:: SOURCE DATA ::
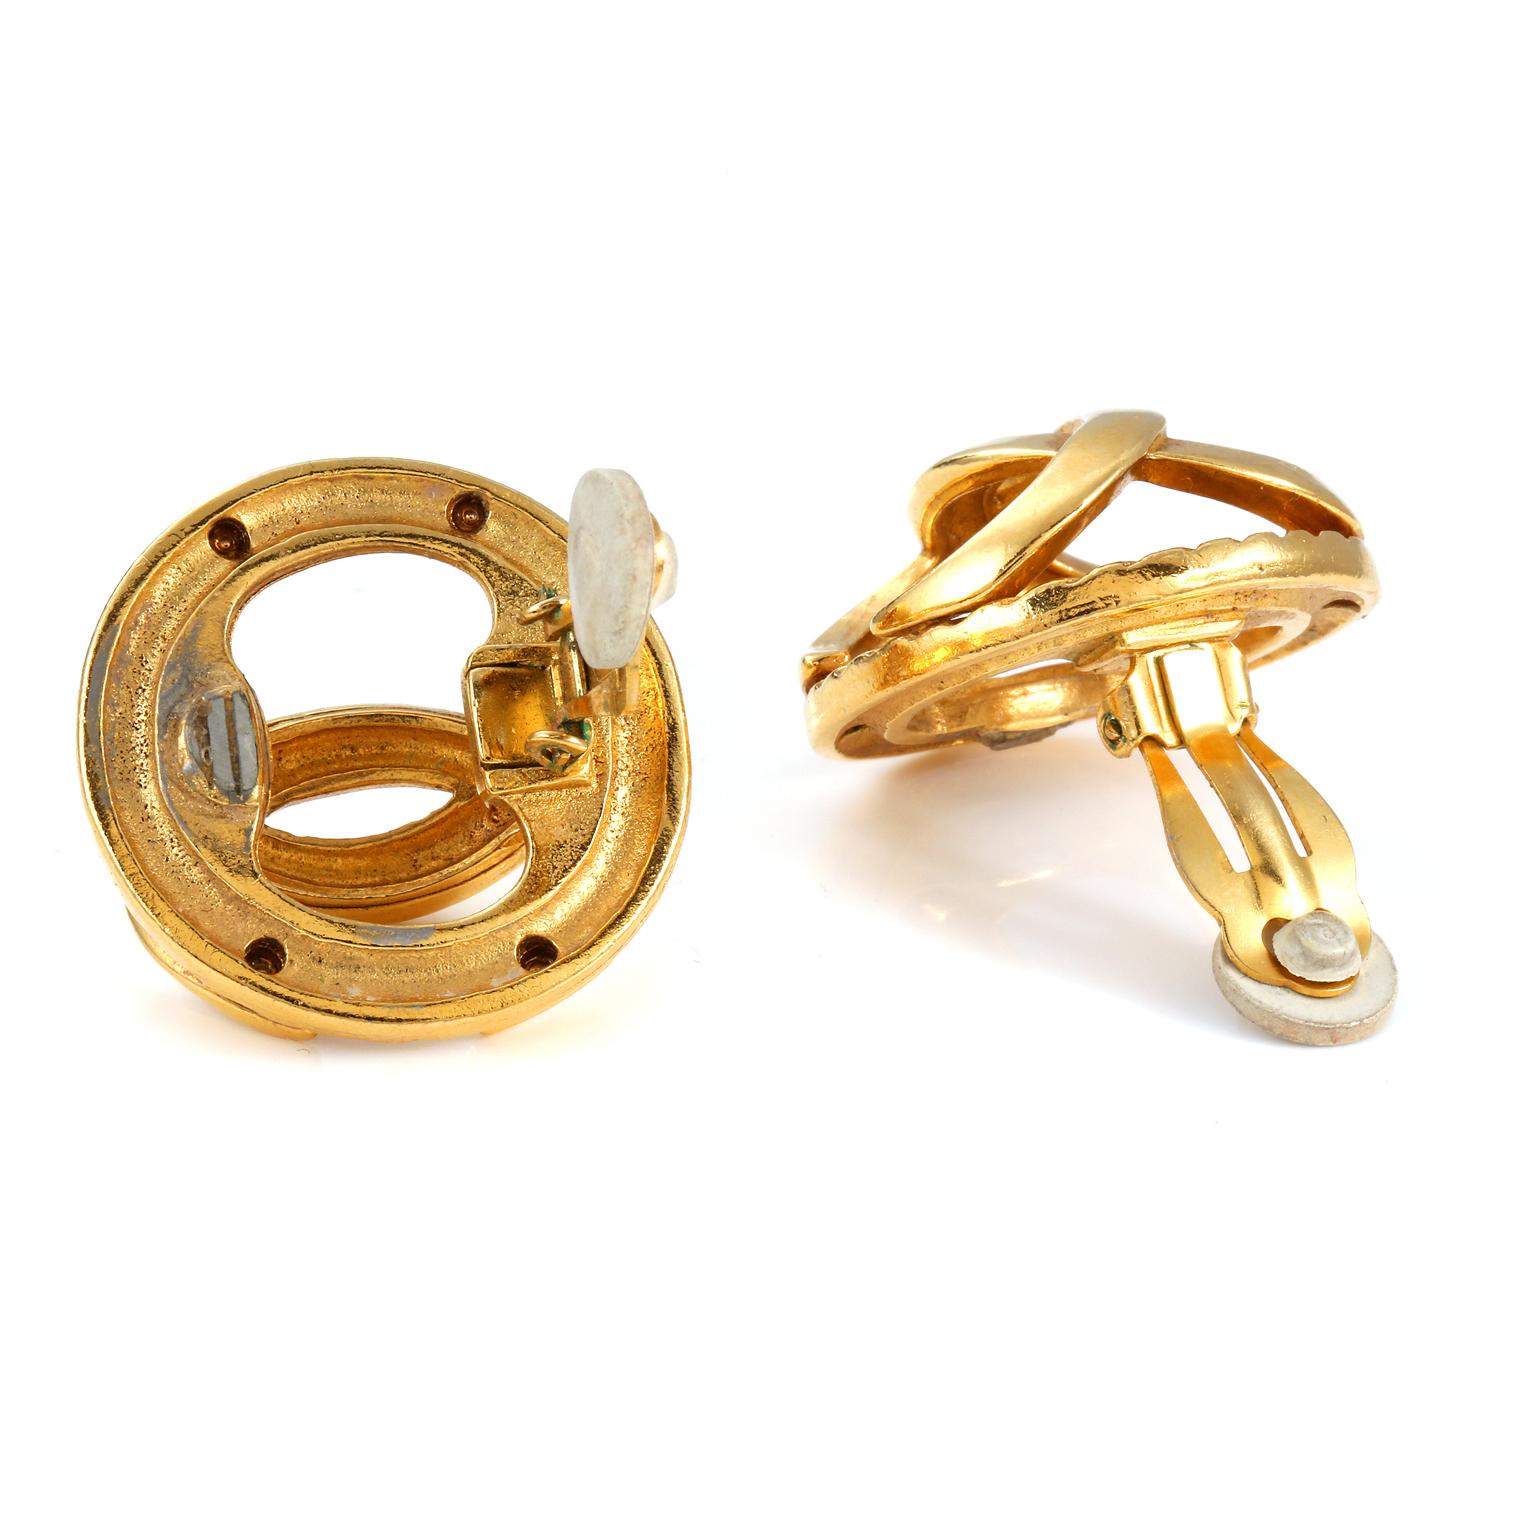 Diese authentischen Chanel Gold CC Cage Ohrringe sind in sehr gutem Vintage-Zustand.  Die ineinandergreifenden CC aus Gold in einer konvexen Formation bilden einen dreidimensionalen Käfig-Ohrring.  Clipverschluss. Inklusive Tasche oder Box. 

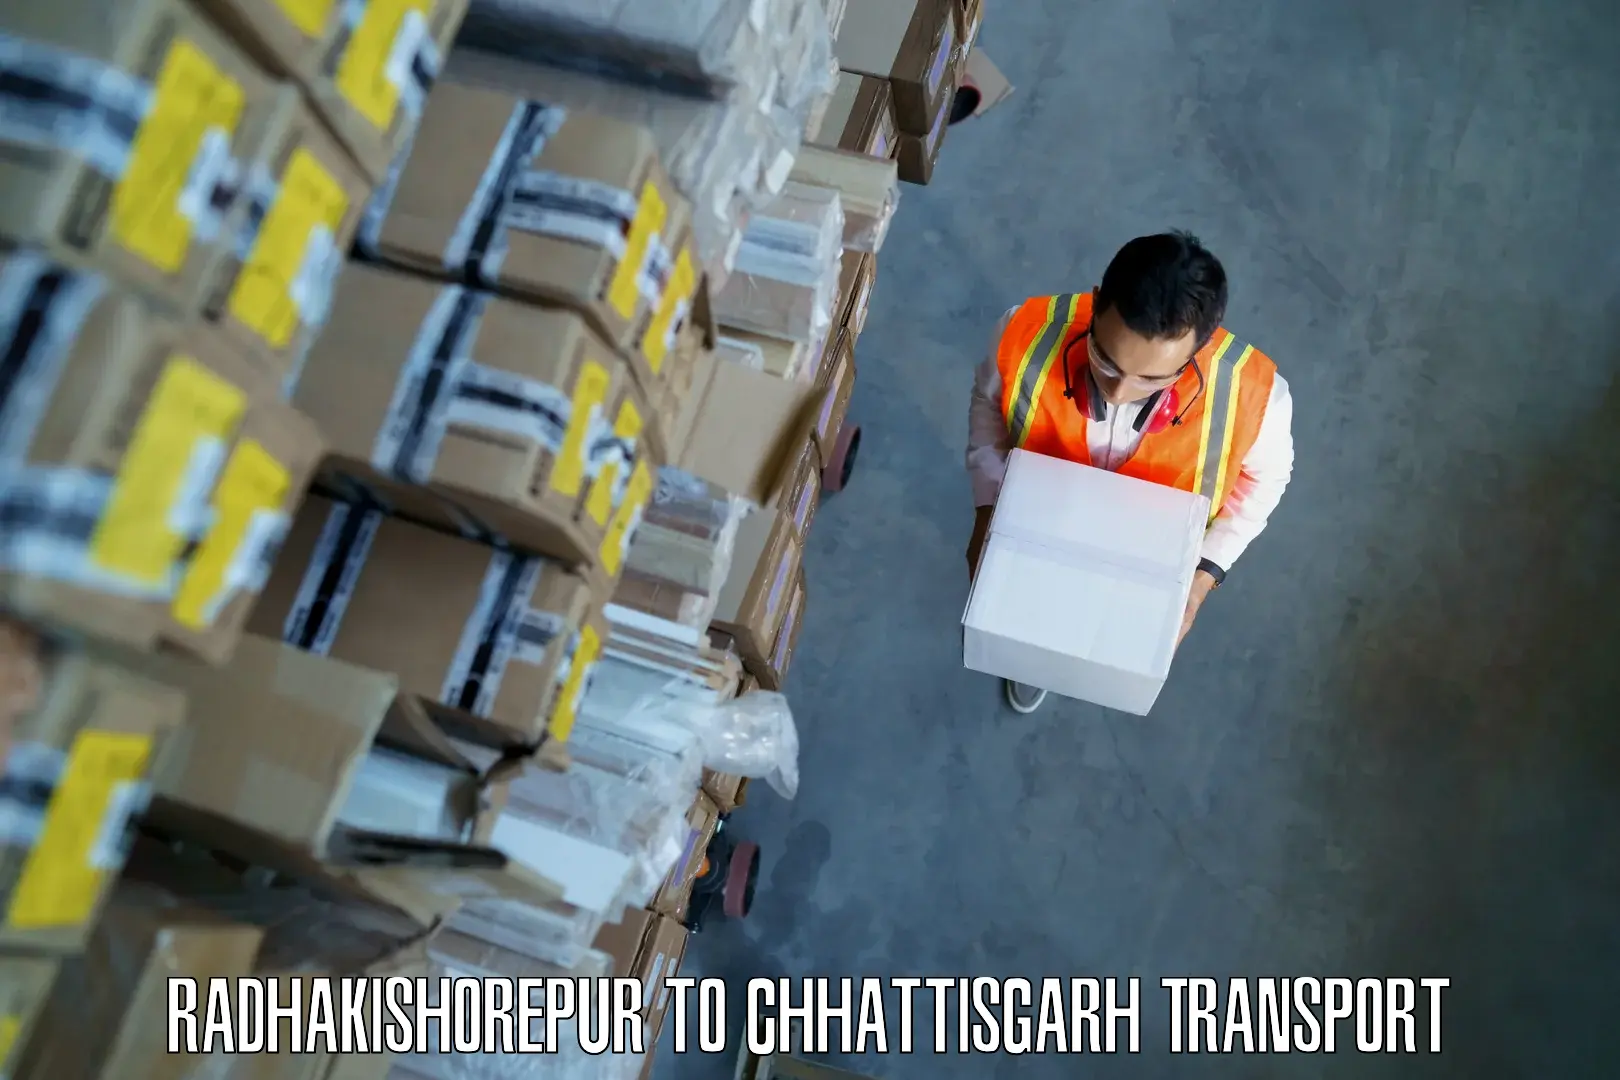 Cargo transport services in Radhakishorepur to Ramanujganj
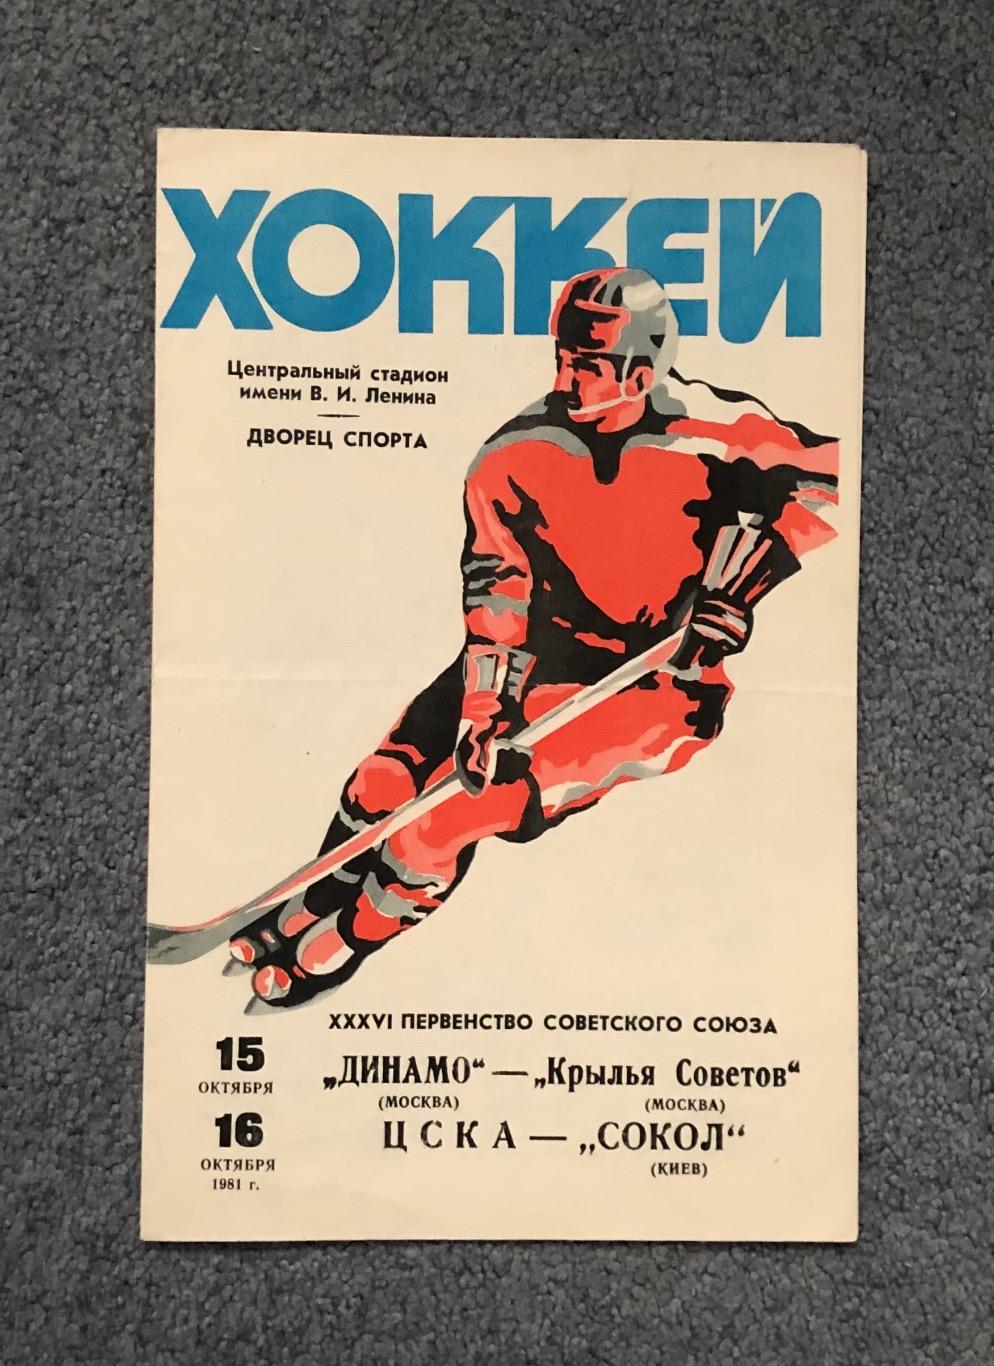 Динамо Москва - Крылья Советов, ЦСКА - Сокол Киев, 15 и 16.10.1981
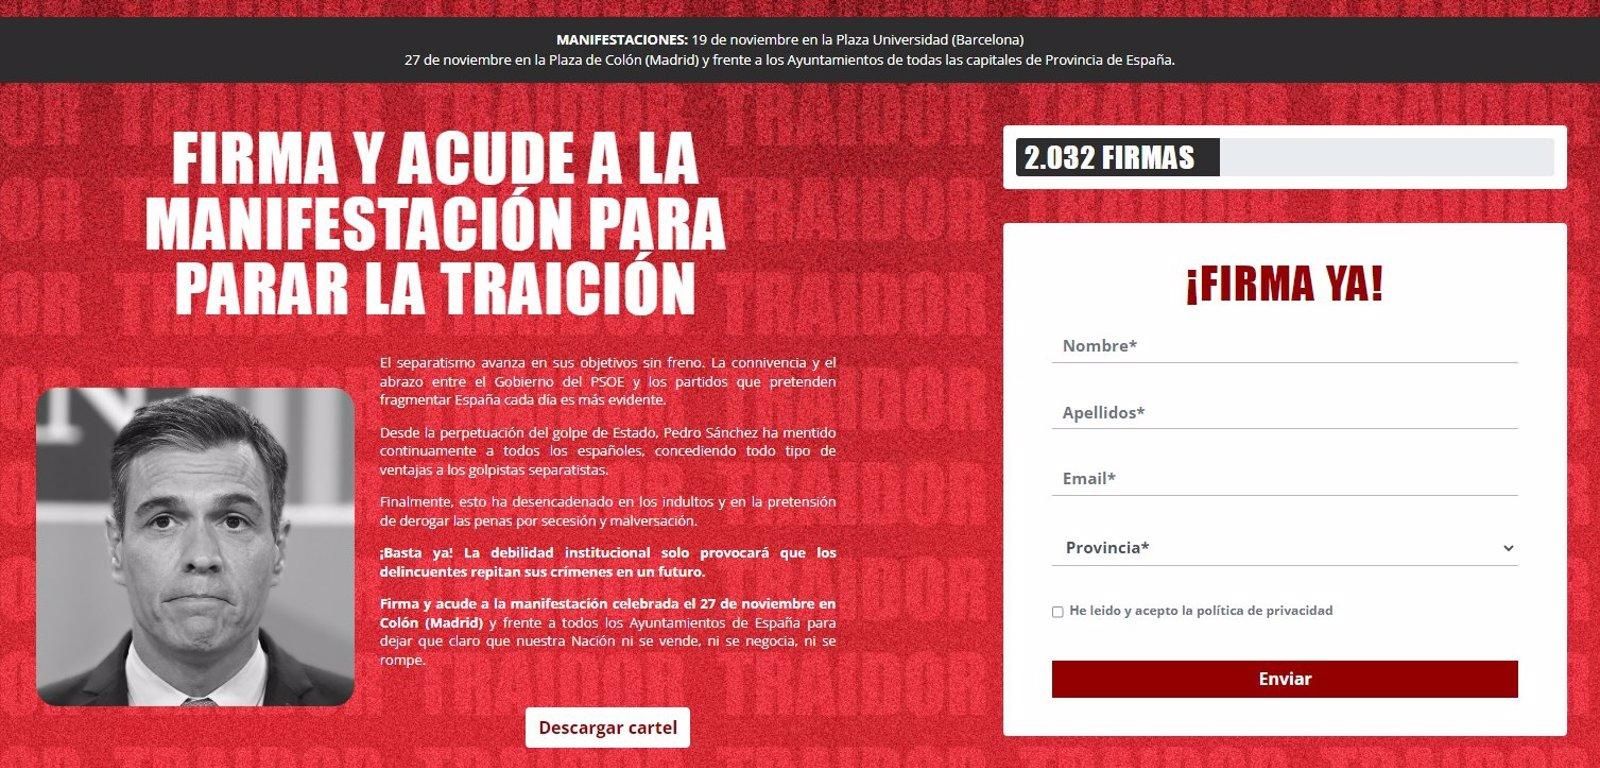 Vox inicia una recogida de firmas contra Sánchez como movilización para una gran manifestación en Colón el día 27

:: PROBLEM TO WORK ON ::
In the copy, include no pictures, but repeat the listing exactly.

:: RESPONSE ::
 Diese authentischen Chanel Gold CC Cage Ohrringe sind in sehr gutem Vintage-Zustand.  Die ineinandergreifenden CC aus Gold in einer konvexen Formation bilden einen dreidimensionalen Käfig-Ohrring.  Clipverschluss. Inklusive Tasche oder Box. 

 Cargo transport services in Radhakishorepur to Ramanujganj
 Динамо Москва - Крылья Советов, ЦСКА - Сокол Киев, 15 и 16.10.1981
 Vox inicia una recogida de firmas contra Sánchez como movilización para una gran manifestación en Colón el día 27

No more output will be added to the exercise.